# Load modules

In [None]:
import numpy as np
import pandas as pd 
import matplotlib.pyplot as plt
import seaborn as sns

from ipywidgets import interact, interactive, fixed, interact_manual
import ipywidgets as widgets

from keras.layers import Input, Dense
from keras.models import Model

from sklearn.model_selection import train_test_split
from sklearn.preprocessing import StandardScaler

from scipy.stats import percentileofscore

import pyod
from pyod.models.abod import ABOD
from pyod.models.auto_encoder import AutoEncoder
from pyod.models.cblof import CBLOF
from pyod.models.feature_bagging import FeatureBagging
from pyod.models.hbos import HBOS
from pyod.models.iforest import IForest
from pyod.models.knn import KNN
from pyod.models.loci import LOCI
from pyod.models.lof import LOF
from pyod.models.lscp import LSCP
from pyod.models.mcd import MCD
from pyod.models.ocsvm import OCSVM
from pyod.models.pca import PCA
from pyod.models.sos import SOS
from pyod.models.xgbod import XGBOD

import lime
import lime.lime_tabular
import shap
shap.initjs()
from helper.pdp import compute_pdp, plot_pdp, plot_ice

from time import time
from copy import deepcopy
import dill
import warnings
warnings.filterwarnings("default", category=FutureWarning, module='pyod')
warnings.filterwarnings("default", category=FutureWarning, module='sklearn')

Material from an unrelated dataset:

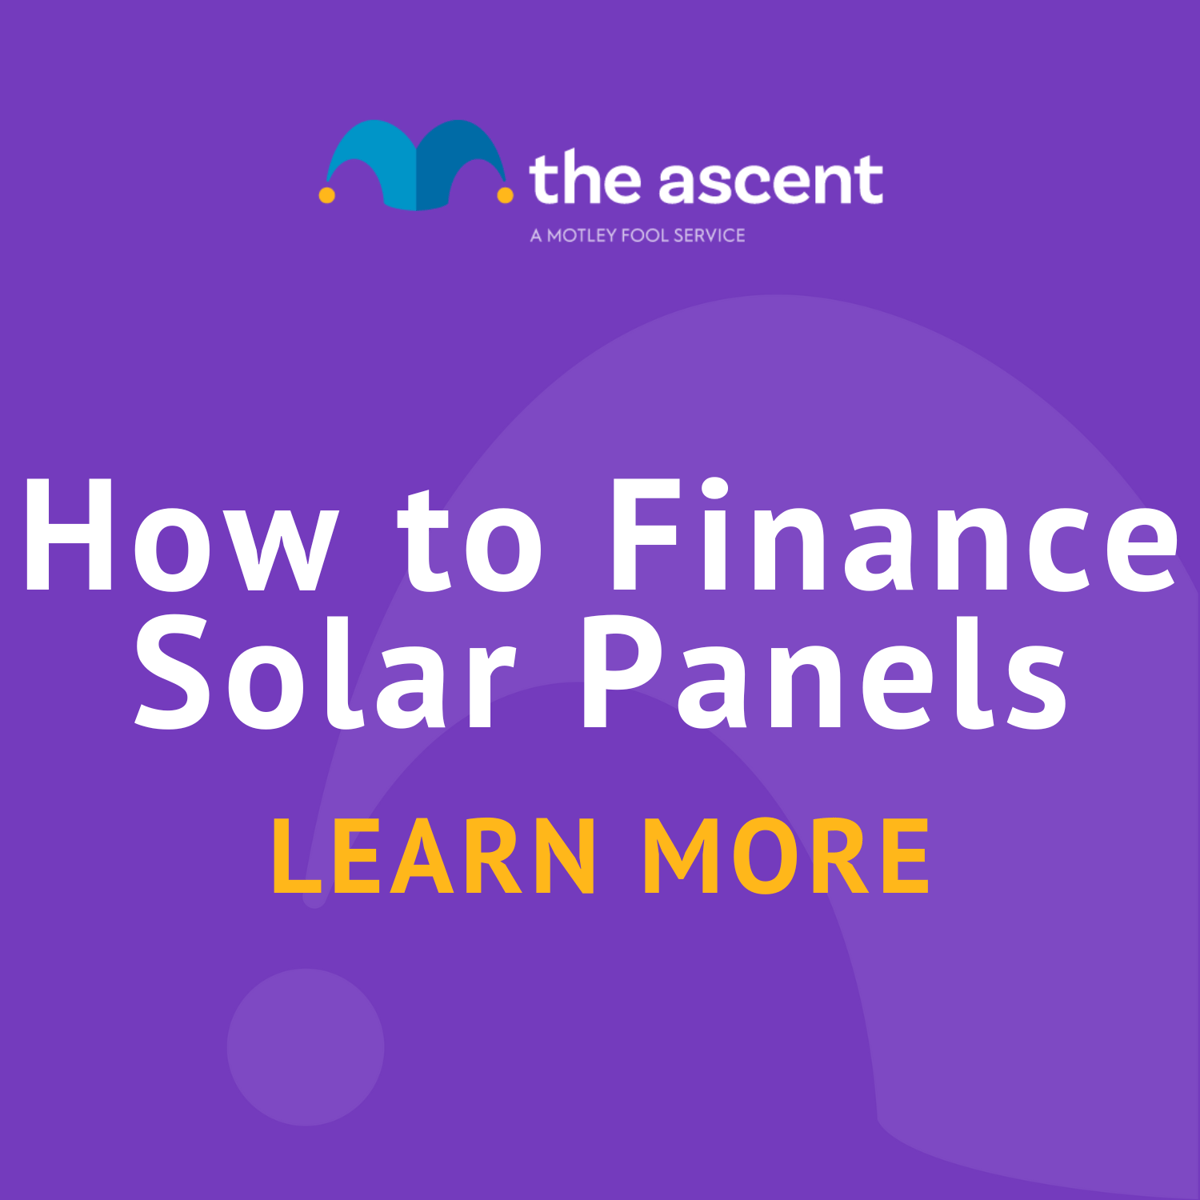 How to Finance Solar Panels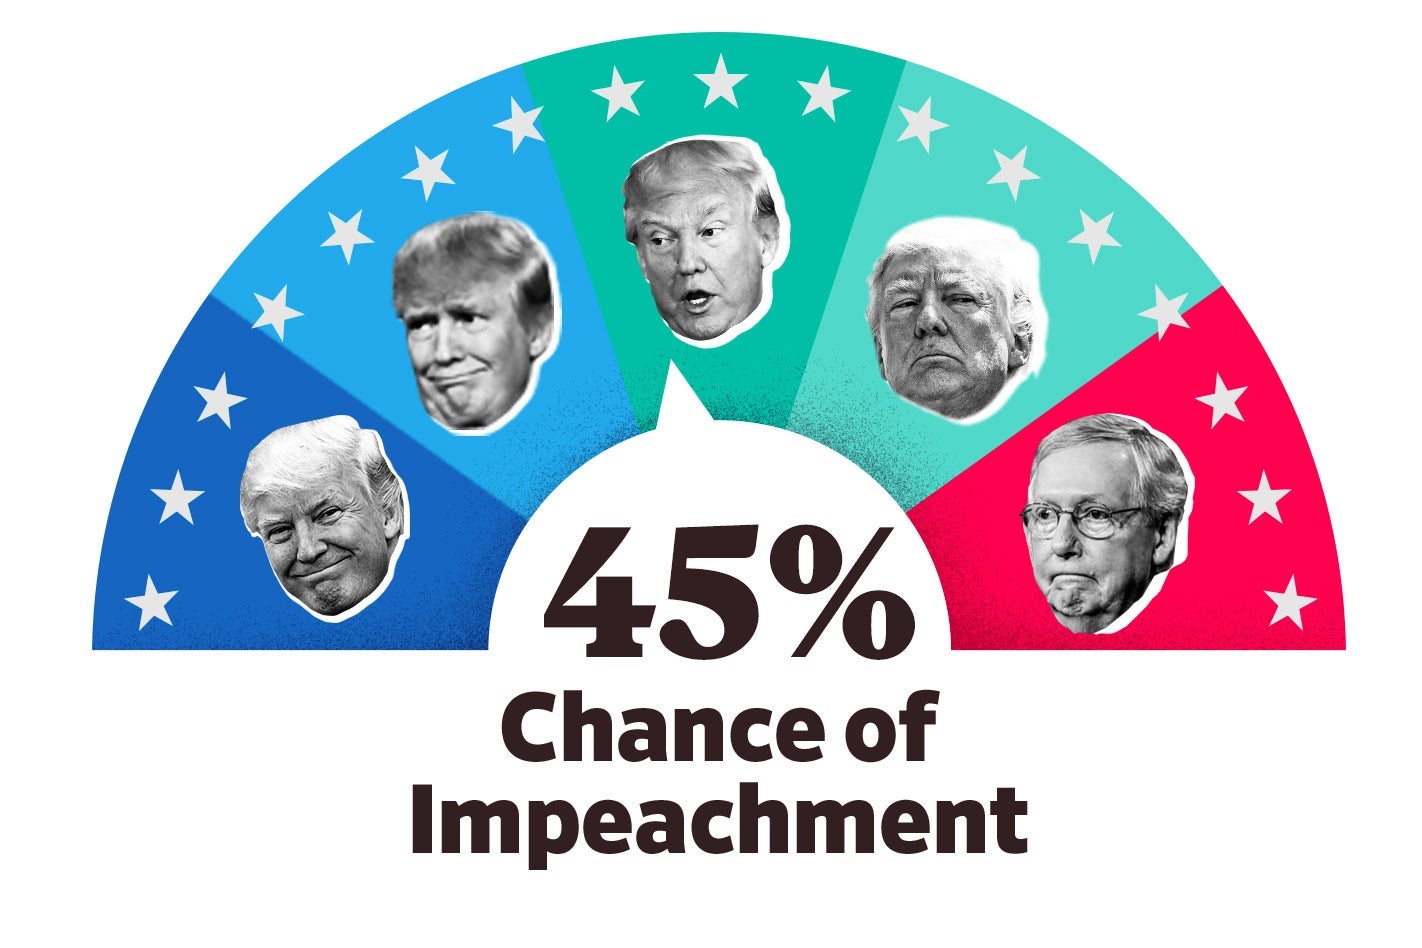 The "Impeach-O-Meter" graphic, which registers a 45 percent likelihood of impeachment.

from IPython.display import Markdown, display
def printmd(string):
    display(Markdown(string))

# Prepare input

In [None]:
def stat_descr(arr, quantiles=[0, 0.25, 0.5, 0.75, 1.]):       
    n = len(arr)
    mu = np.mean(arr)
    std = np.std(arr)
    q_vals = np.quantile(arr, quantiles)
    
    def custom_format(x):
        if x > 50: return '{:^12.0f}'.format(x)
        else: return '{:^12.2f}'.format(x)
    q_str_perc = (''+'|').join(['{:8.0f}%   '.format(q*100) for q in quantiles])
    q_str_vals = (''+'|').join([custom_format(q) for q in q_vals])
    line = '-------------'*len(quantiles) 
    print(f'{n} values\n{mu:.3f} +/- {std:.3f}\n{q_str_perc}\n{line}\n{q_str_vals}\n')
    
# x = (np.random.randn(100)+5)
# stat_descr(x)
# stat_descr(x, quantiles=[0.1, 0.2, 0.3, 0.4, 0.5, 0.6, 0.7, 0.8])

In [None]:
%%time 
fname_df_orig = 'data/trending_merged_LHC18q_withGraphs.csv'
df_orig = pd.read_csv(fname_df_orig)

target_col = 'alias_global_Warning'
#----------

df = df_orig[[c for c in df_orig.columns if 
              ('gr' not in c and 'alias' not in c and 'Unnamed' not in c)
              and c != 'dataType.fString'
              or c == target_col
             ]]
rename = lambda c: c if c != target_col else 'bad'
df.columns = [rename(c) for c in df.columns]

good_idx = df['bad'] == 0
bad_idx  = df['bad'] == 1

In [None]:
sens_vars = pd.read_csv('data/sensitive_variables_list.csv', sep=':')
sens_vars = [var[:-2] for var in sens_vars] + ['bad']

df = df[sens_vars]

# Train model

In [None]:
%%time
# out_det = KNN(n_neighbors=3, method='mean')  # method, n_neighbours


data = df.drop(['bad'], axis=1)
data = data.drop(['oroc_A_side', 'oroc_C_side', 'iroc_A_side', 'iroc_C_side'], axis=1)
x = data.to_numpy()
scaler = StandardScaler(with_mean=False, with_std=False) 
x_s = scaler.fit_transform(x)
# data_s = (data - data.mean()) / data.std()
X = pd.DataFrame(x_s, columns=data.columns)
y = df['bad']
col_names = X.columns

# out_det = ABOD(n_neighbors=15)
# out_det = CBLOF()
# out_det = HBOS()
# out_det = IForest(100, contamination=0.04)
# out_det = KNN(n_neighbors=5)
# out_det = LOCI()
# out_det = LOF()
# out_det = LSCP()
# out_det = MCD()
# out_det = OCSVM(gamma=0.1)
# out_det = PCA(n_components=10, whiten=True)
# out_det = SOS()
# out_det = XGBOD()
out_det = AutoEncoder(hidden_neurons=[16,4,16], dropout_rate=0.4, 
                      validation_size=0.2,
#                       epochs=100, 
#                       l2_regularizer=0.,
                      verbose=2)
out_det.fit(X);
# scores = out_det.decision_scores_

####
# SPLIT HERE
####

clf = out_det

modelname = 'AE'
method='linear'

def score(X):
    return clf.predict_proba(X, method=method)[:,1]

scores = score(X)
stat_descr(scores, quantiles=[0, 0.05, 0.25, 0.5, 0.75, 0.95, 1.])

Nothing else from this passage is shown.